Я тайком порылась в его картонных коробках с рисунками в поисках чего-нибудь достойного музея и к тому же пришедшегося мне по вкусу и отобрала семь работ обычного для Матисса формата, которые могли бы достойно украсить стены музея. Затем я нацарапала Матиссу короткое письмо, в котором приблизительно обрисовала приглянувшиеся рисунки и попросила мне их продать, но при одном условии: он возьмет за них не „дружескую цену“, так как я не хочу его обременять, а цену, которую он запросил бы с торговца картинами.
Прочитав мое робкое послание, Матисс не выказал никакого удивления, выразил свое согласие с самим принципом и попросил показать ему отобранные мною рисунки. Он одобрил мой выбор, но за ту же цену семи работ отдал мне еще один рисунок в качестве „подарка“. Таким образом, в завуалированном виде он понизил цену, на что я, учитывая категорический тон моего письма, ни под каким видом бы не согласилась.
Я очень обрадовалась и немедленно отправила в Москву письмо с вопросом, согласятся ли они принять мой дар. Кто знает… ведь дар был от „грязной“ эмигрантки…

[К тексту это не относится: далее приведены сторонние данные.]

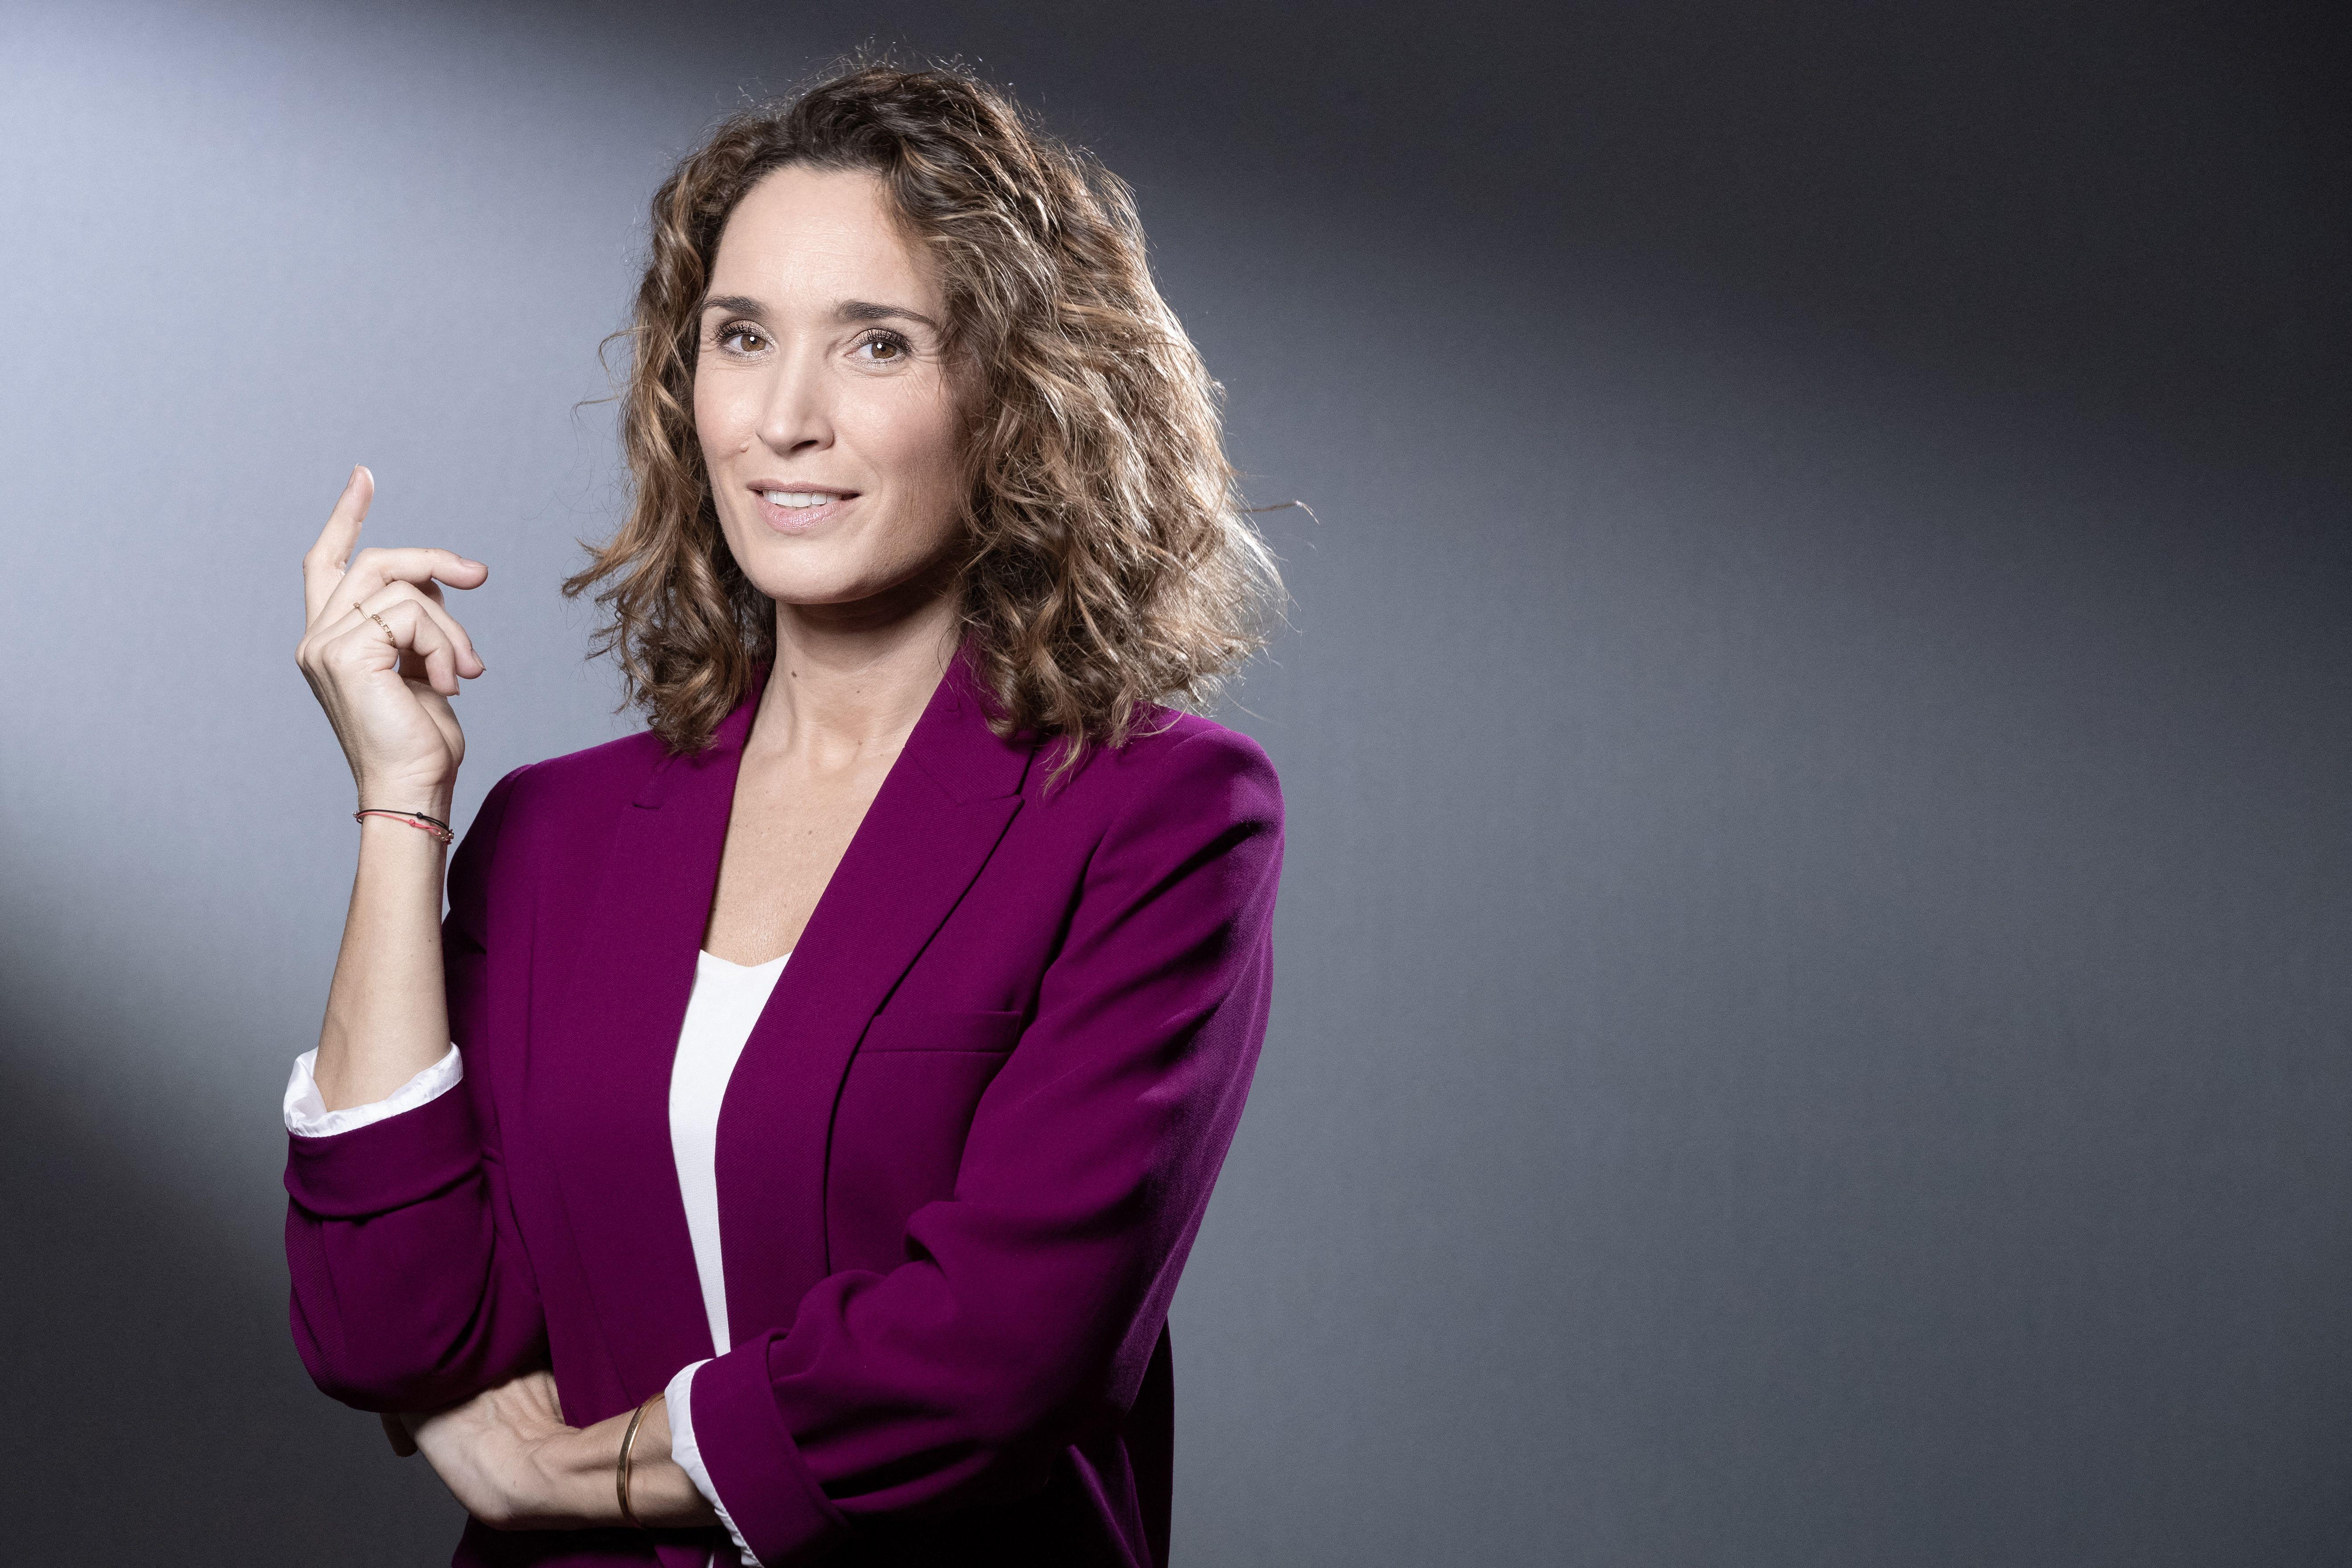 La journaliste française Marie-Sophie Lacarrau lors d'une session photo le 14 décembre

Я получила благосклонный ответ…»
Таким было начало.
Ныне в Москве и Санкт-Петербурге — в Эрмитаже и в Музее изобразительных искусств имени Пушкина — находится богатейшая коллекция работ великого художника XX века Анри Матисса: картины, гравюры, аппликации, рисунки, архивные материалы, скульптуры… И все это — дар Лидии Николаевны Делекторской, автора двух монографий о творчестве Матисса, изданных в Париже: «Как бы легко и просто. Анри Матисс. Живопись 1935–1939» и «Анри Матисс. Наперекор стихиям. Живопись и иллюстрированные книги. 1939–1943 годы».

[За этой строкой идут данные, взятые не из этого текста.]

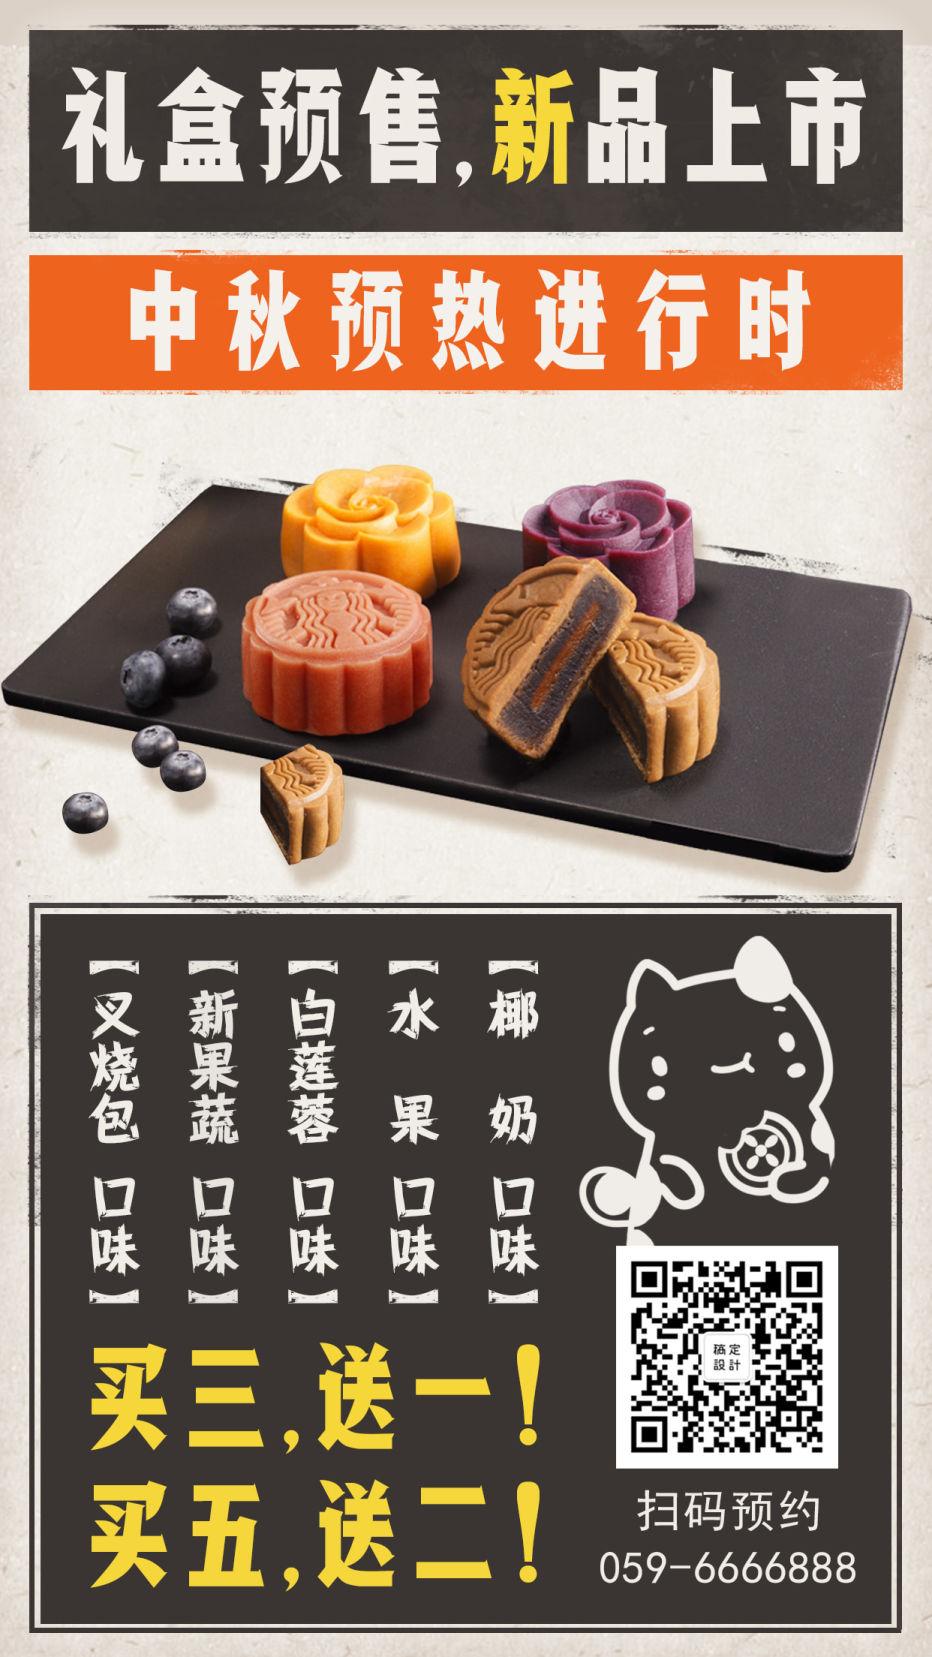 中秋礼盒预售月饼手机海报

Осталась незавершенной третья…
«Конечно, собрание Делекторской — это был огромный капитал, — вспоминала племянница Лидии Николаевны. — Мы были как-то с ней в поездке по Анже, и, указывая на известную во Франции старинную крепость, она сказала, смеясь: „Я была так богата, что могла бы купить ее“».
«Но однажды я поняла, что, какой бы ни был в России политический режим, кто бы ни стоял у руля государства, многие люди там по-настоящему любят Матисса, — писала Лидия Делекторская. — И я испытала глубокую потребность поделиться с ними сокровищами, принадлежащими мне одной, и безотлагательно, не дожидаясь, пока уйдет одно или несколько поколений, познакомить их с одной из важных сторон творчества художника.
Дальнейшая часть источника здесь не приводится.